On a more general note regarding the Sub Sahara region, the report says that it has been showing an impressive growth rate of 5 percent in 2012 and similar projections are made for 2013/14. This growth has largely taken place on the backs of strong investments, favorable commodity prices and practical macroeconomic stances.
Regarding the overall look at the continent of Africa, efforts to foster trade through regional integration will be critical to increasing the region’s competitiveness. Increased cross-border trade can lead to a virtuous cycle of more competition in domestic markets. This will lower the cost of goods and services while increasing their varieties, which will generate more economic activity, such as the development of manufacturing or service sectors.
According to the report, African countries are losing out on billions of dollars in potential trade every year because of the region’s fragmented regional markets and the lack of cross-border production markets that have spurred economic dynamism in other regions, such as East Asia.

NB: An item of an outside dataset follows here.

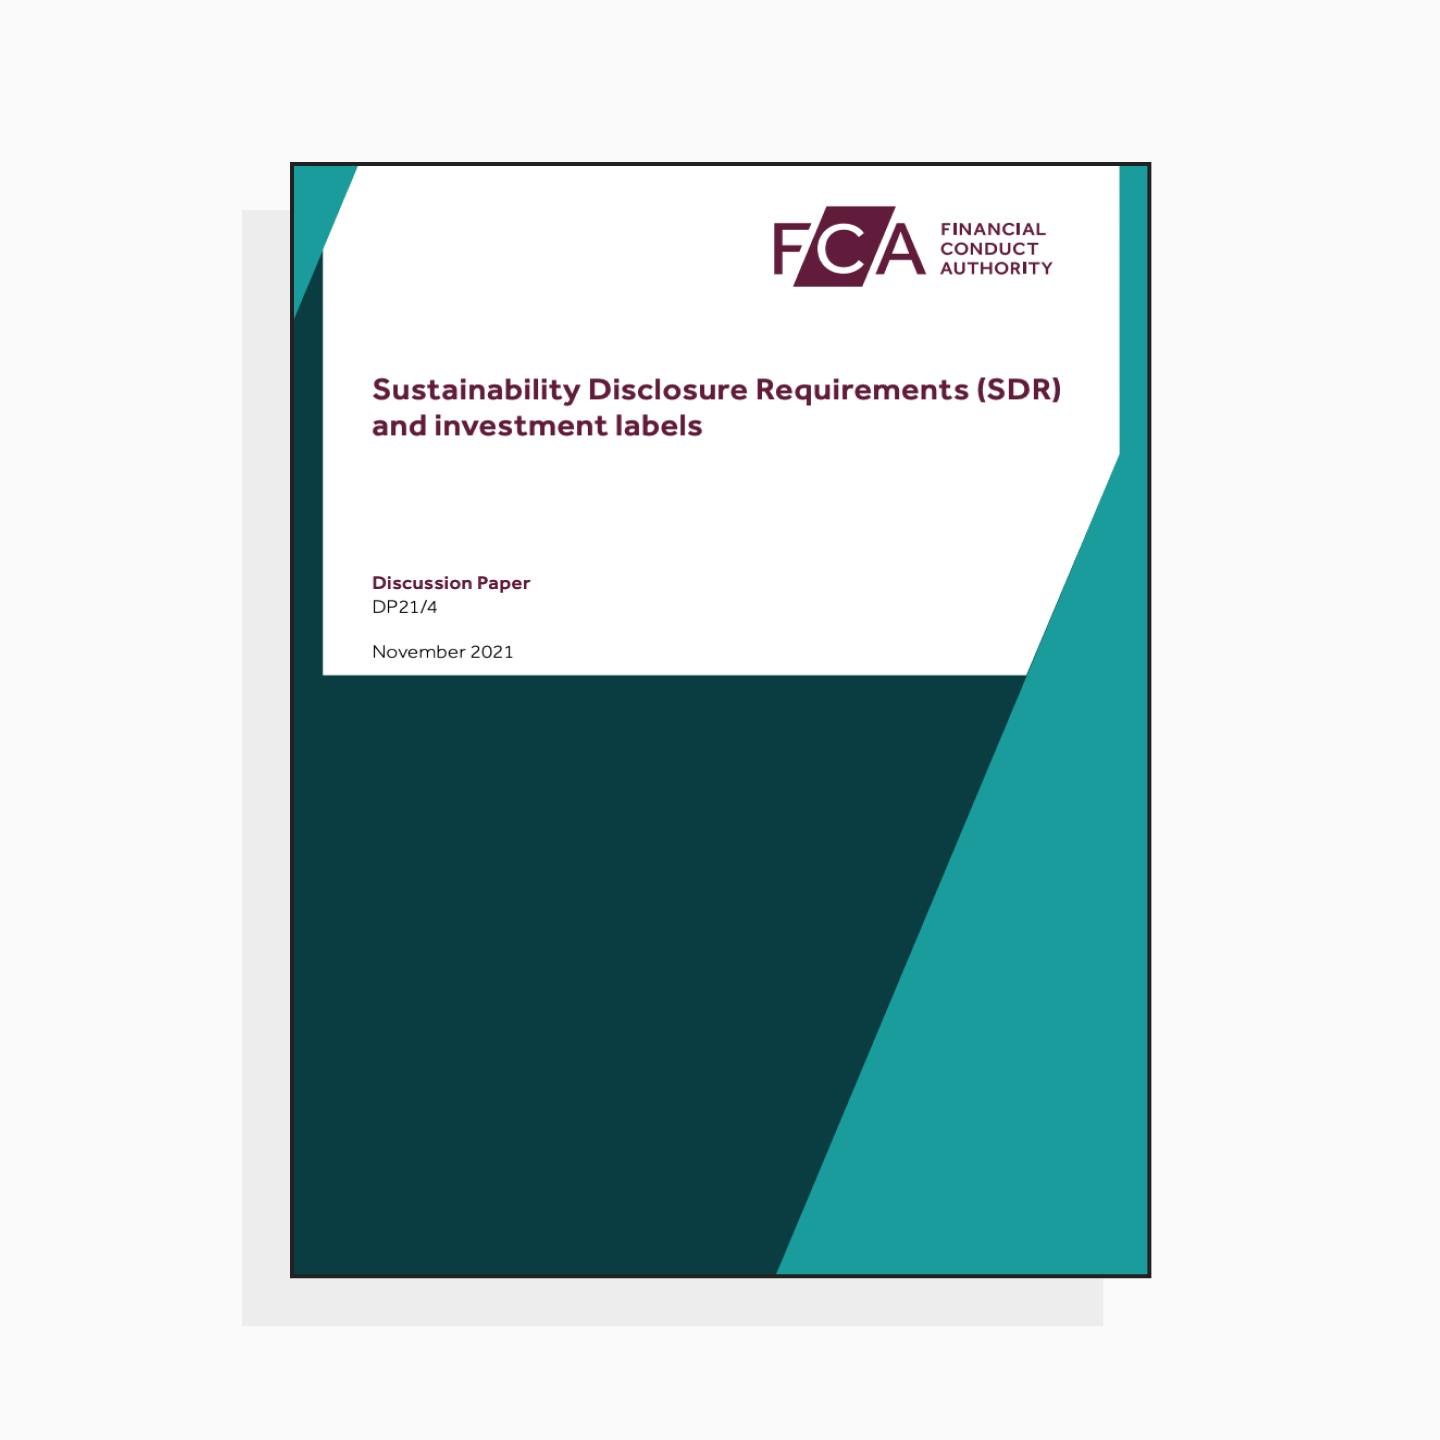 FCA discussion paper on Sustainability Disclosure Requirements
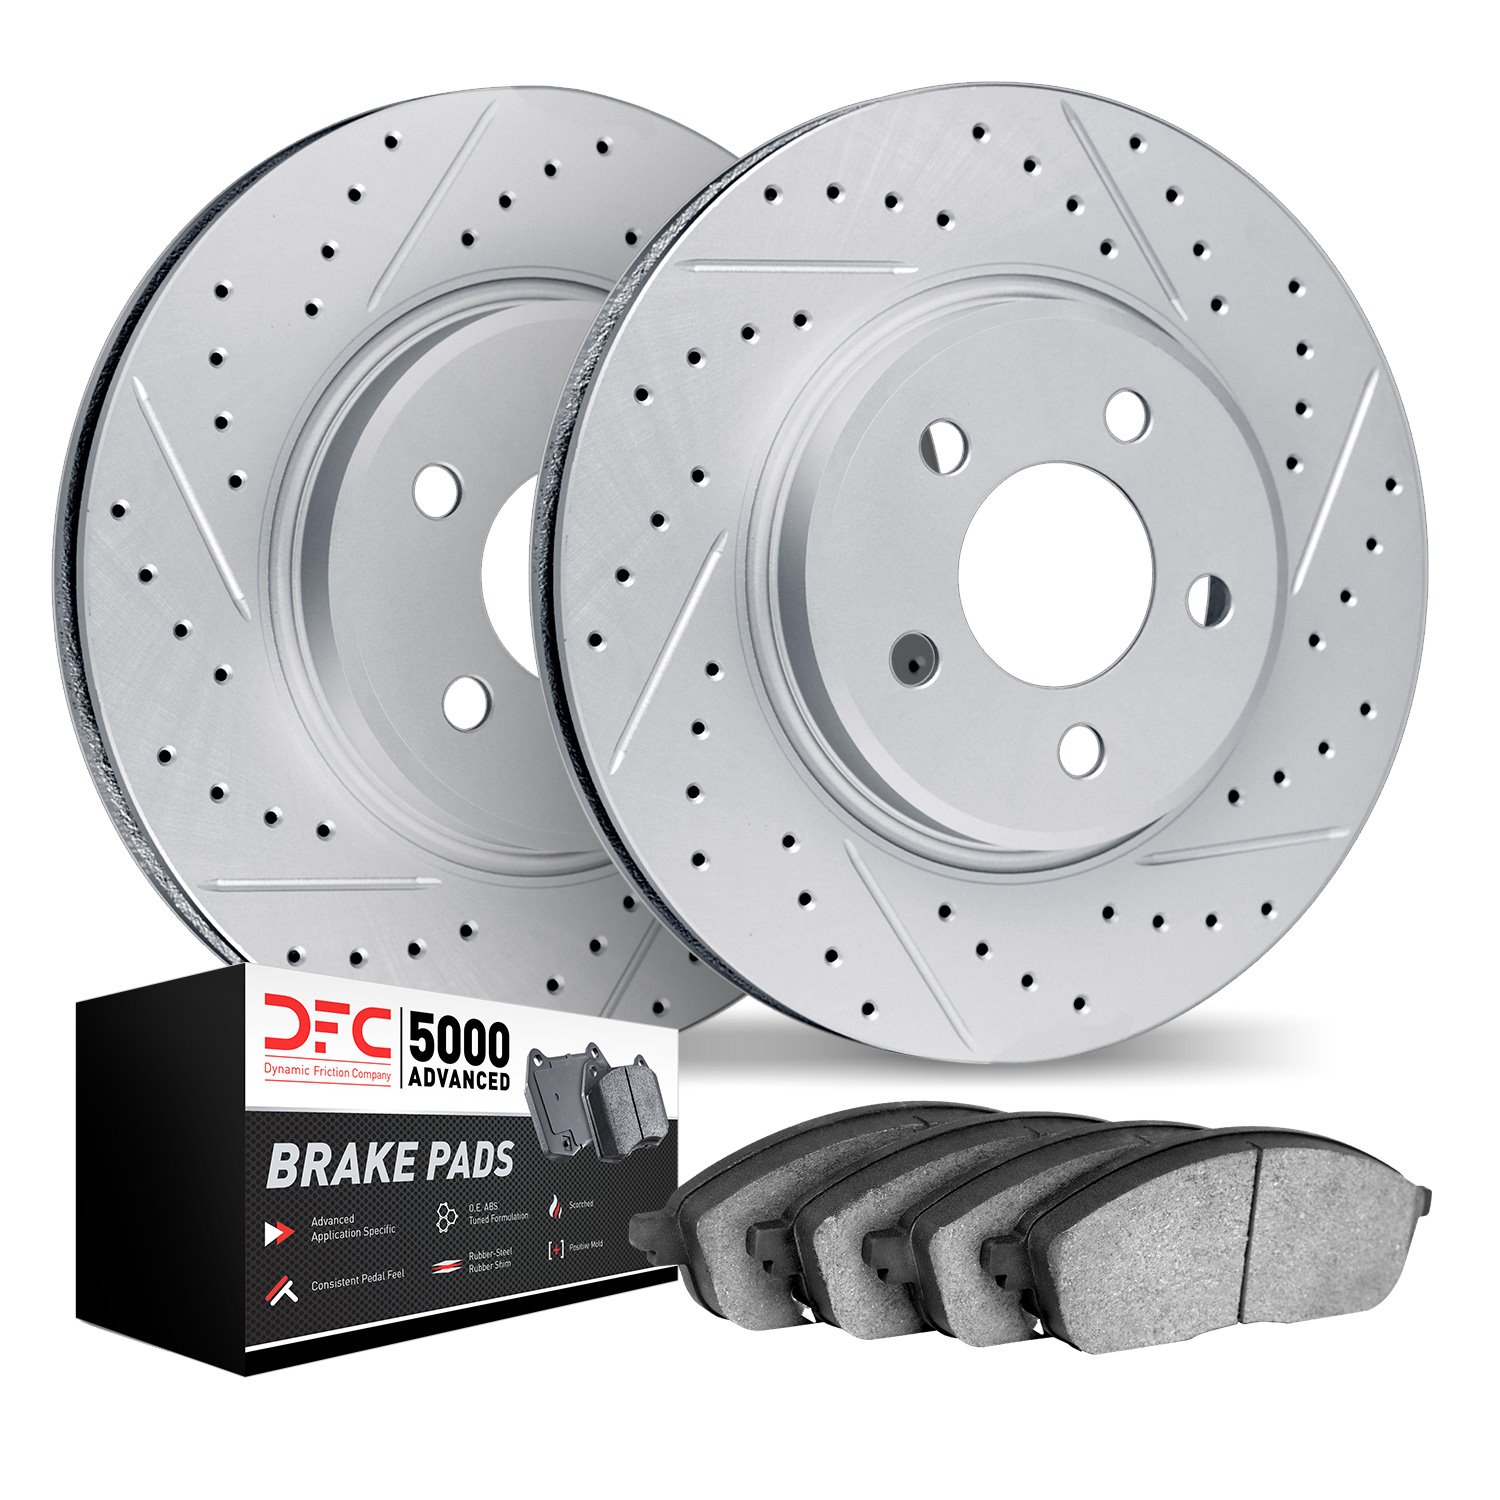 2502-31148 Geoperformance Drilled/Slotted Rotors w/5000 Advanced Brake Pads Kit, 2018-2021 BMW, Position: Front

Another big challenge for the continent is said to be population growth, which has hit the 1 billion mark and became 15 percent of the world’ total and is projected to increase by 20 percent by the year 2030. The Report reads that in this context, events such as the Arab Spring highlight the tensions that can arise from a growing population. Population growth without accompanying economic and social progress to ensure decent living standards, employment and fair opportunities to better people’s lives, can lead to political unrest.  
Another challenge for the continent remains to be the unemployment rate. It is caused by a combination of the remarkable growth of an increasingly educated youth population and the slow pace of job creation in a formal economy. Africa has the highest number of young people (15–24 years of age) in the world, totaling about 200 million, and it is projected to double by 2045. Projections show that 59 percent of youth (20–24 years of age) will have had a secondary education in 2030, compared with 42 percent today. This translates into 137 million people with secondary education by 2030.
Overall, the report says, a number of African economies continue to trail behind significantly, with 14 of its economies populating the bottom 20 of the rankings. Efforts across many areas are needed to place the region on a sustainable growth and development path, especially in infrastructure, health and basic education, and the adoption of the latest technologies.